Начали делать о ней передачу. Я спрашиваю: „Кинопленки у вас есть? Фрагменты из ваших фильмов?“ – „Моих, – отвечает, – нет. Не знаю, где они. Вот Колины – есть“.

Она хранила память о Рыбникове, берегла сувениры, свидетельствующие о его актерской популярности, напоминающие о фильмах, в которых он снимался: шахтерскую лампочку, каску строителя, макет парохода, хоккейную клюшку, футбольный мяч, исписанные автографами, очки сталевара… Но семейное счастье, ушедшее вместе с ним, не превратилось для нее в мучительные воспоминания. Она не позволяла себе все время смотреть назад.

„Чем старше я становлюсь, – говорила она, – тем яснее понимаю, что прошлым жить нельзя. Каким бы хорошим оно ни было. Оставаясь в прошлом, можно потерять связь с современностью. Я прожила интересную жизнь, мне есть что вспомнить. И память эта мне очень дорога. Но живу я сегодняшним днем. Я наслаждаюсь своим одиночеством. Отдыхаю. Я очень довольна своей жизнью“».

Есть разница между тем, чтобы жить одной – и быть одинокой. Она не была одинокой: ее окружали друзья, любили и опекали дочери. Были и романы – для поднятия духа, на уровне флирта, не больше того. У нее любил бывать художник Никас Сафронов. Хотел ее писать, но согласия не получил. Она по-прежнему была доверчивой и щедрой. Находились люди, которые пользовались этим: не возвращали долги или внаглую присваивали ее деньги. Она горевала, даже плакала. Но все равно не менялась и не меняла своего отношения к людям. Впрочем, никто до конца не знал, что она чувствовала на самом деле – жизнь научила ее сдерживать свои порывы.

Однажды по какому-то поводу сказала: «Самое страшное в старости – быть смешной».

Как это ни удивительно, ее не оставили своим вниманием завистники и недоброжелатели. Казалось бы, теперь-то чему завидовать? По какой причине не желать добра? А все по той же: за то, что счастливо жила, была любима, благополучна. За то, что красива…

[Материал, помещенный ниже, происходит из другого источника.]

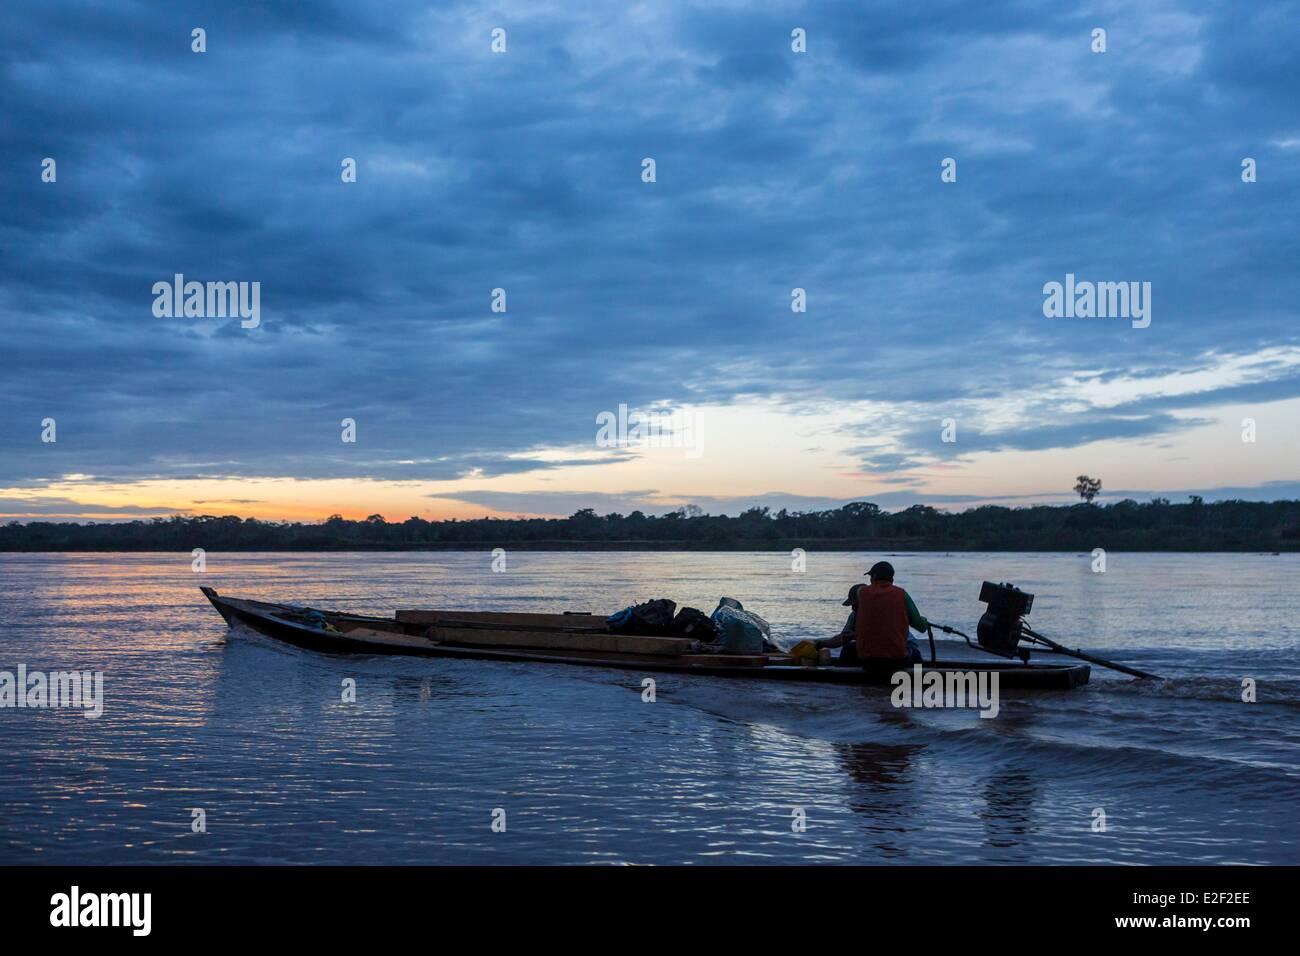 Peru, Madre de Dios, Amazon, Puerto Maldonado, canoe at sunset on the Rio Madre de Dios river - Stock Image

Как тут не вспомнить строки из стихотворения Симонова, опубликованного в уже упомянутом сборнике «С тобой и без тебя»:

Все, что сердцем взято будет,

Красоте твоей присудят.

Будешь нежной, верной, терпеливой —

В сердце все равно тебе откажут,

Скажут: нету сердца у счастливой.

У красивой нету сердца, – скажут.

И дальше почти что впрямую о ней, потерявшей мужа:

Как других, с ним разлучит могила —

Всем простят, тебя возьмут в немилость.

Позабудешь – скажут: не любила,

Не забудешь – скажут: притворилась.

Эту немилость она остро ощутила, тем более, что теперь, после смерти Рыбникова, она стала беззащитной – чувство, знакомое всем покинутым или овдовевшим женщинам, только многие не сразу «узнают» его в наступившей для них другой жизни.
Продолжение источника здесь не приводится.